__About this task__
The lines from the top of the material below through the line containing "Sữa bột tốt" are to be printed exactly, with pictures omitted.

__Input data__
»»
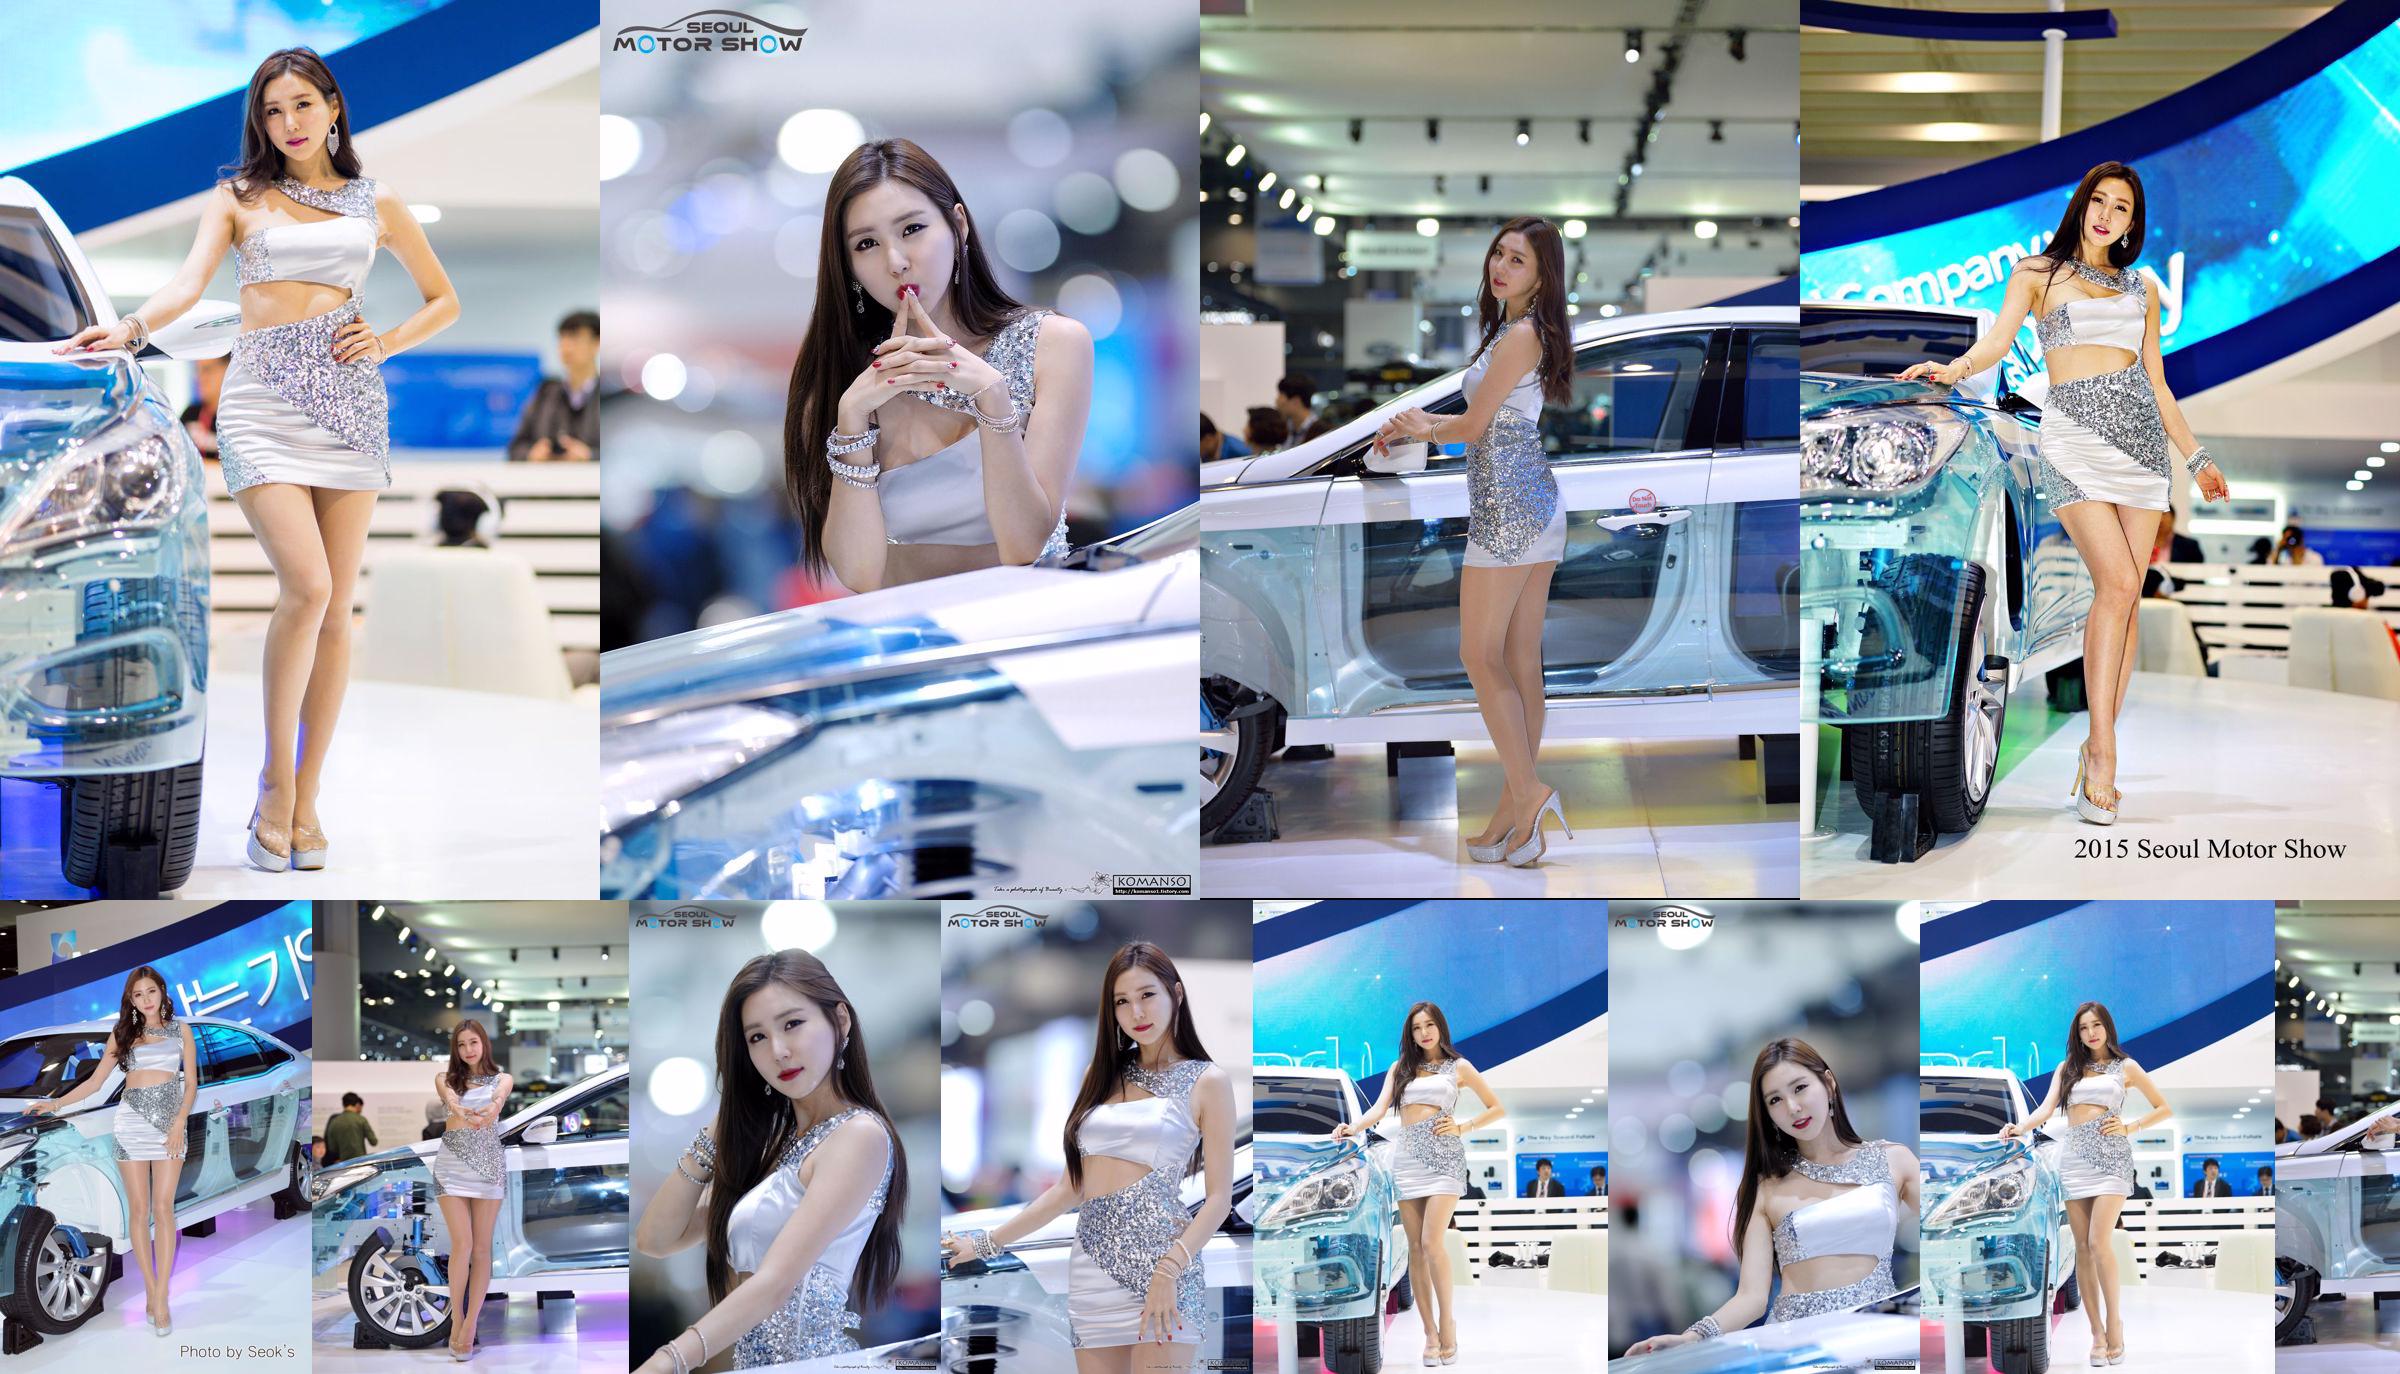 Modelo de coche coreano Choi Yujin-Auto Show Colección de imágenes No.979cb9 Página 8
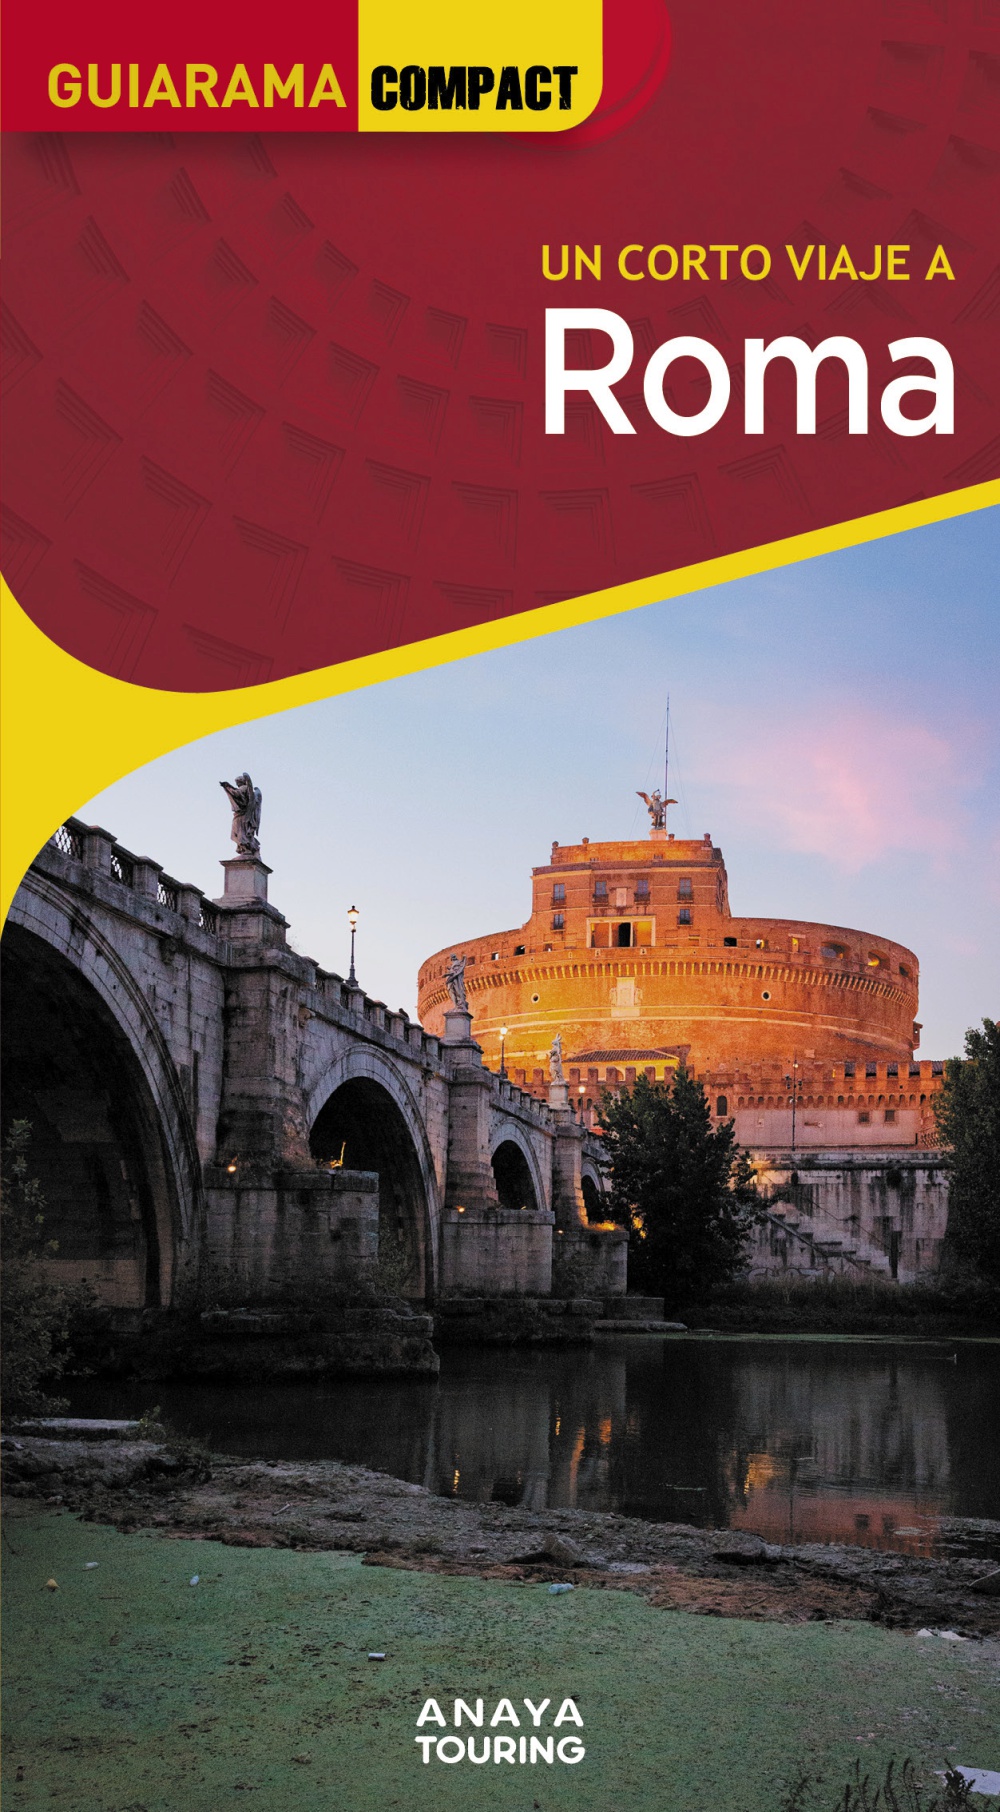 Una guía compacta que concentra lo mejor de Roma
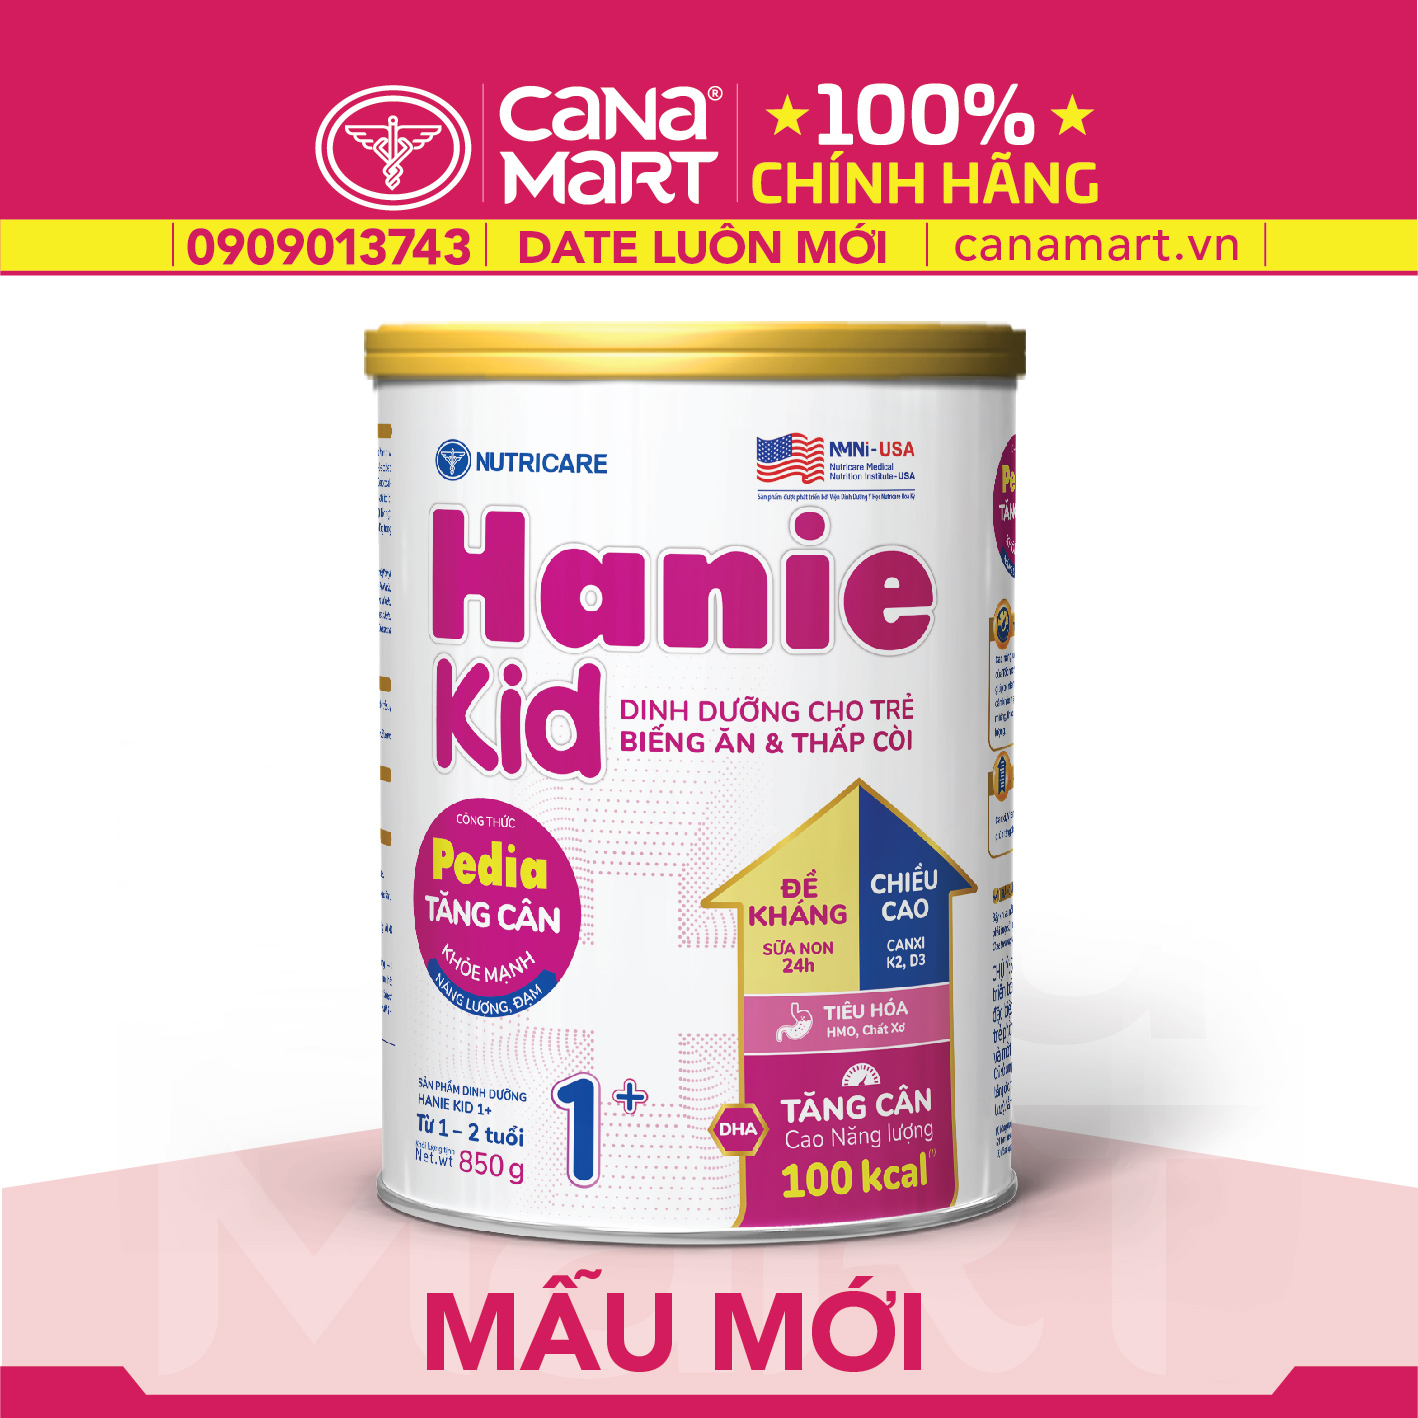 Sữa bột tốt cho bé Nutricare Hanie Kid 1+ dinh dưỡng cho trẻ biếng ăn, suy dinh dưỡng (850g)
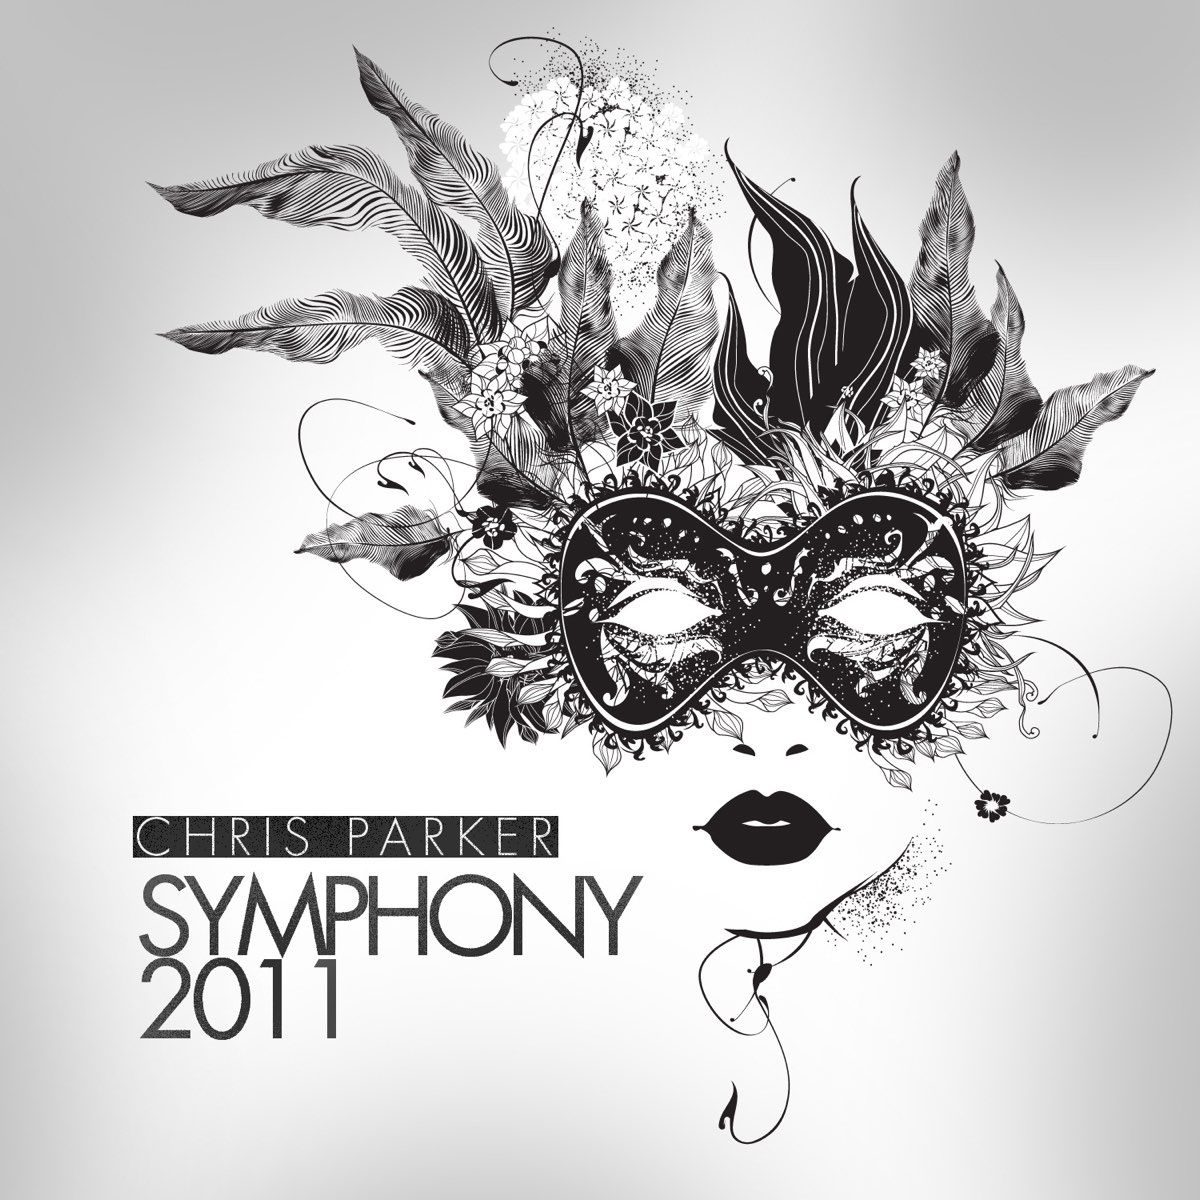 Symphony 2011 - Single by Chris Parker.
««
__Finished task__
 Modelo de coche coreano Choi Yujin-Auto Show Colección de imágenes No.979cb9 Página 8
 Una guía compacta que concentra lo mejor de Roma
 Sữa bột tốt cho bé Nutricare Hanie Kid 1+ dinh dưỡng cho trẻ biếng ăn, suy dinh dưỡng (850g)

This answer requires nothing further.